The data processing/feature engineering part is very important and time taking process while developing machine learning models. I usually have several different formats of data(after data processing and feature engineering) for ex: one data file may contain only normalized data, one file containing standardized data, various data files with varying features after performing feature selection. I then apply appropriate machine learning models to each of the file and see the cross validation results.
Also it is important to note that when we save a file to disk and load it back again, serialization and de-serialization happens which can impact the time.
So, the time to save the data to the disk, load the file back from the disk, memory used are very important factors that can save a lot of time for us.
Data Formats
- csv
- h5
- pytables(hdf5)
- npy
- npz
- joblib
- Todo: hickle.
- Dropped: pickle(because pickle cannot handle larger data sizes. Based on my experiments pickle format has tipping point around 2 GB).
Array Sizes
Instead of benchmarking just one size, I used asymptotic analysis approach wherein you measure the size and time of various array sizes.
- 100 x 100
- 1000 x 1000
- 10000 x 10000
- 20000 x 20000
- 30000 x 30000
- 40000 x 40000
- 50000 x 50000
In Memory Sizes
The following table shows the size of in memory size consumed after creation of each array:
Array Size - | In Memory(MB) |
---|---|
100 x 100 - | 0.08 |
1000 x 1000 - | 8 |
10000 x 10000 - | 800 |
20000 x 20000 - | 3200 |
30000 x 30000 - | 7200 |
40000 x 40000 - | 12800 |
50000 x 50000 - | 20000 |
Lets see the same data visually:
Size on disk (in MB):
- CSV format consumed the largest size on disk when compared to other data formats.
- CSV format consumes 3x the size of all other formats.
- We can see from the below chart that size of the csv file increases exponentially and way far away from other file formats.
- Surprising point is, except csv, all other file formats consume the same disk space as the memory size.
Time to save files to disk (in minutes):
- Overall, h5 and hdf5 take less time to save followed by joblib and npy and then npz.
- CSV again performed the worst.
- On an average, CSV consumes 70x times more than the least time taken by any other file format.
- As you can see from the below visual, CSV performs the worst.
- While other formats take less than a minute to save 50000 x 50000 array, csv takes approximately 23 minutes.
Time to load files from disk (in minutes):
- Overall npy format performs the best.
- CSV performs the worst.
- On an average, CSV consumes 140x times more than npy format to load the data from the disk.

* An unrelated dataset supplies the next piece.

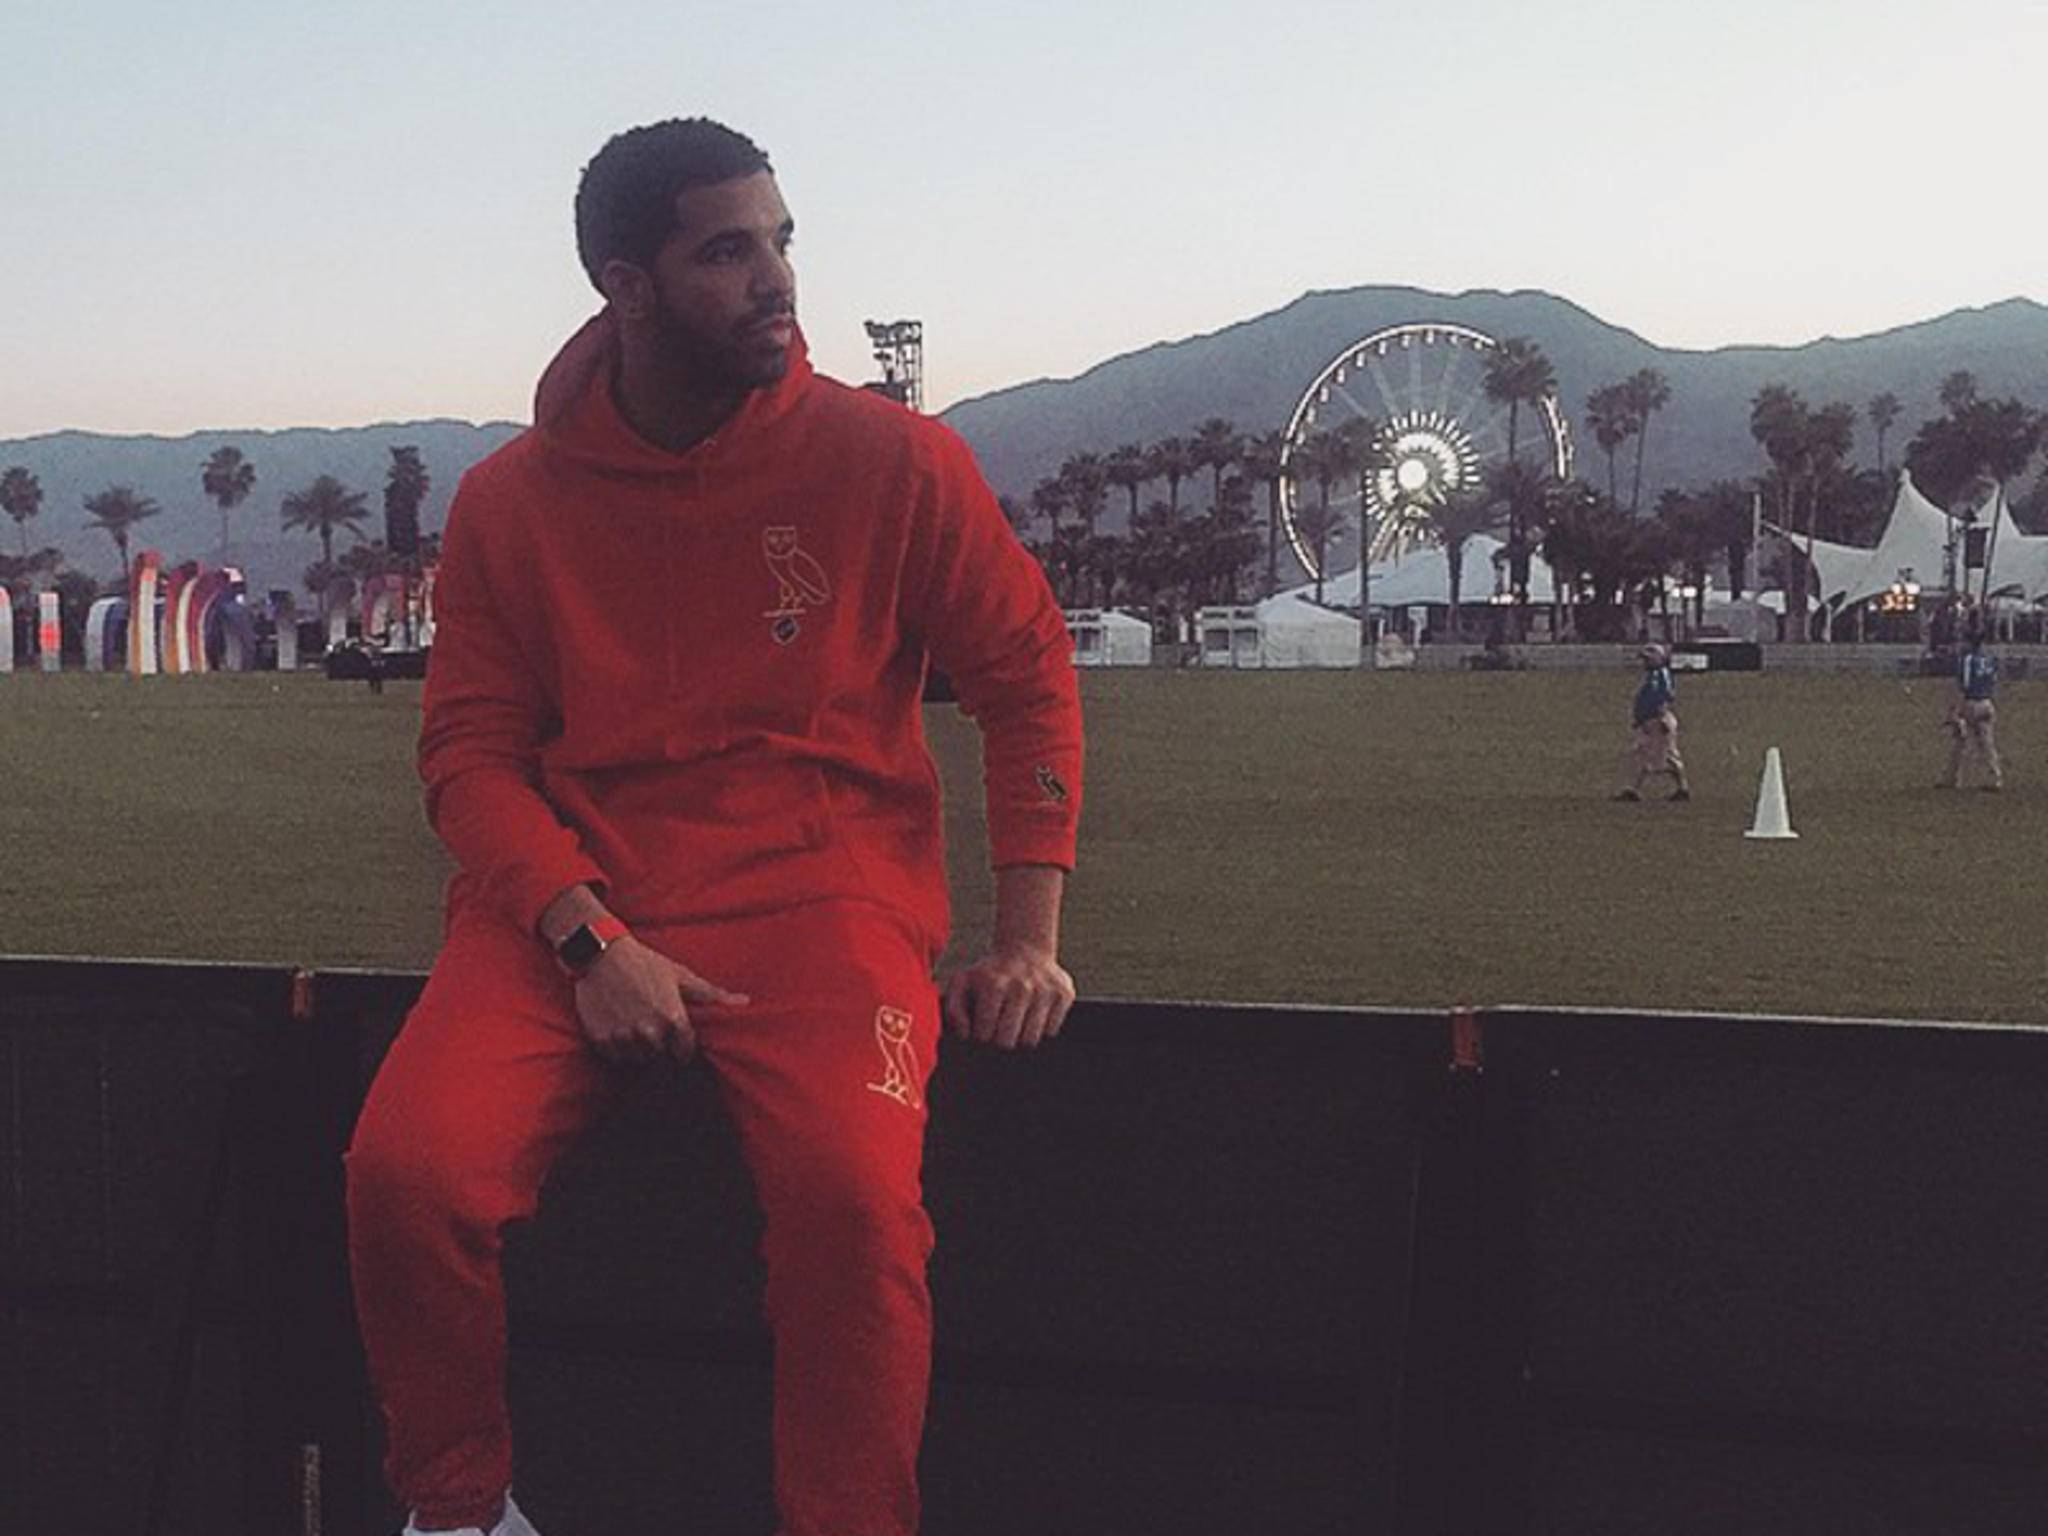 Das neue Album von Drake gab es eine kurze Zeit exklusiv nur auf Apple Music.
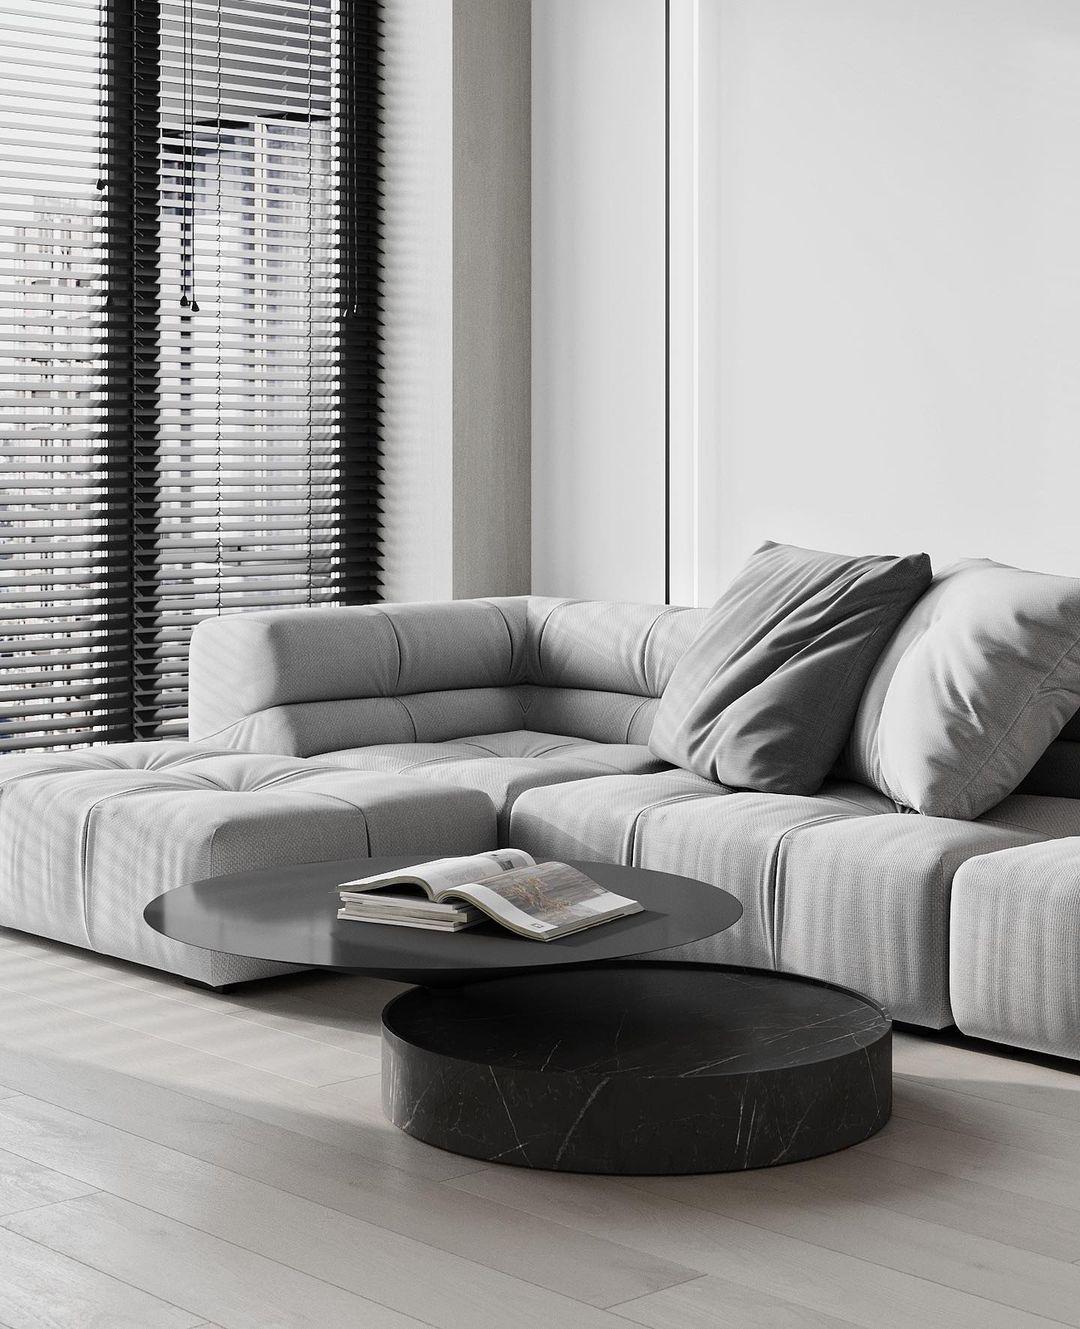 极简主义空间:干净、简约、质朴之间取得平衡 | NEENDESIGN 尼恩设计

- As you can see from the below visual, time taken to load the csv across various array sizes increases exponentially where as the other file formats show a linear pattern.
Strange results:
- During my experiments, I used memory_profiler package to check the memory size after loading each file format. I noticed strange results, sometimes the size in memory of the largest array < smaller array sizes. I have to investigate this part.